Metabolic and Longevity Peptides: MOTS-c, SS-31, NAD+, and Retatrutide

The decline in mitochondrial function is one of the most well-documented hallmarks of aging. As mitochondria accumulate damage, produce less ATP, and generate more reactive oxygen species (ROS), cells across every tissue type become less capable of repair, maintenance, and normal function.

Longevity research has increasingly focused on interventions that address metabolic decline upstream — before the downstream consequences (cardiovascular disease, neurodegeneration, metabolic syndrome) become irreversible.

MOTS-c and SS-31 target the mitochondria directly. NAD+ targets the cellular energy sensing and DNA repair machinery that mitochondria depend on. Retatrutide addresses metabolic dysfunction through receptor-mediated hormonal regulation. Together, they represent a comprehensive view of metabolic longevity research targets.

MOTS-c (Mitochondrial Open Reading Frame of the 12S rRNA-c) is a 16-amino-acid peptide encoded by mitochondrial DNA — not nuclear DNA. This makes it one of only a handful of peptides with mitochondrial origin, and its discovery in 2015 opened a new category of "mitokine" research.

Where it excels: Insulin resistance research, metabolic aging models, exercise physiology, and mitokine pathway research.

SS-31 (also known as Elamipretide or MTP-131) is a tetrapeptide that selectively concentrates in the inner mitochondrial membrane, where it binds to cardiolipin — a phospholipid critical for mitochondrial structure and function.

Where it excels: Cardiac research, renal protection models, age-related mitochondrial decline, and any model where ROS is a primary endpoint.

NAD+ (Nicotinamide Adenine Dinucleotide) is not a peptide — it is a coenzyme involved in over 500 enzymatic reactions. It is included here because it is functionally inseparable from the mitochondrial and longevity research space.

Where it excels: Sirtuin pathway research, aging biology, DNA repair models, and metabolic disease research. The foundational nature of NAD+ makes it relevant to virtually every longevity research domain.

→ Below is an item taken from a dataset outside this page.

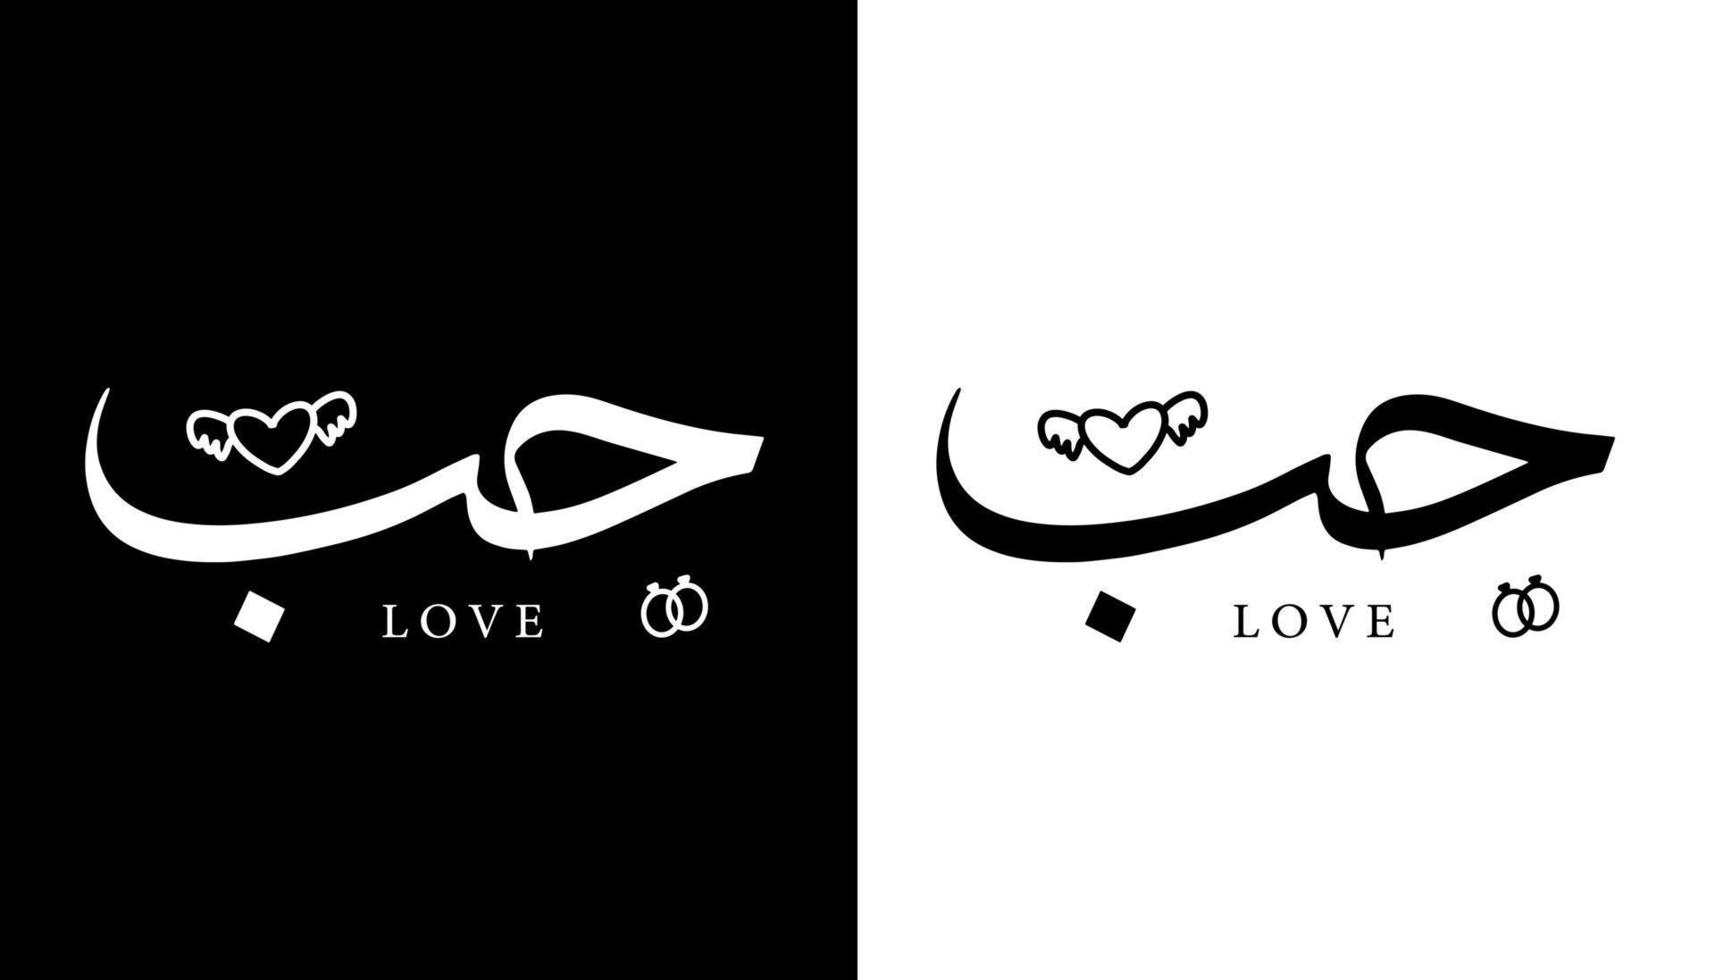 arabisk kalligrafi namn översatt "kärlek" arabiska bokstäver alfabet teckensnitt bokstäver islamisk logotyp vektorillustration vektor

Retatrutide occupies a completely different mechanistic space from the mitochondria-focused compounds above. It is a triple agonist of GIP (glucose-dependent insulinotropic polypeptide), GLP-1 (glucagon-like peptide-1), and glucagon receptors — making it the most comprehensive receptor-mediated metabolic research compound available.

Phase 2 clinical data: Retatrutide showed approximately 24% body weight reduction over 48 weeks in Phase 2 trials — the largest weight loss ever recorded for a pharmacological agent in clinical trials.

Where it excels: Obesity research, metabolic syndrome models, liver fat models, and comprehensive metabolic regulation research where all three incretin axes are relevant.

A useful framework for understanding how these compounds relate:

For researchers, this framework suggests combinatorial opportunities: a model that addresses mitochondrial protection (SS-31) alongside systemic metabolic signaling (Retatrutide) is testing different biological layers than a single-compound model. NAD+ as a supporting element in either model addresses the energy substrate availability that both upstream and downstream mechanisms depend on.

All compounds in this group are for laboratory and preclinical research use only. Retatrutide is currently in Phase 3 clinical trials as of 2025 and has no approved therapeutic use. MOTS-c and SS-31 are in earlier clinical development stages. NAD+ and its precursors (NMN, NR) are commercially available as supplements, but research-grade preparations standardized for laboratory use differ from supplement-grade.

For longevity and aging research: Appropriate aging animal models (aged rodents, C. elegans lifespan models, senescent cell models) are critical. These compounds' effects are often most pronounced in aged or metabolically stressed models, with less dramatic effects in young healthy animals.

Purity documentation: For mitochondria-focused research, endotoxin contamination directly activates mitochondrial stress pathways — making high-purity compounds with verified endotoxin testing non-negotiable for valid results.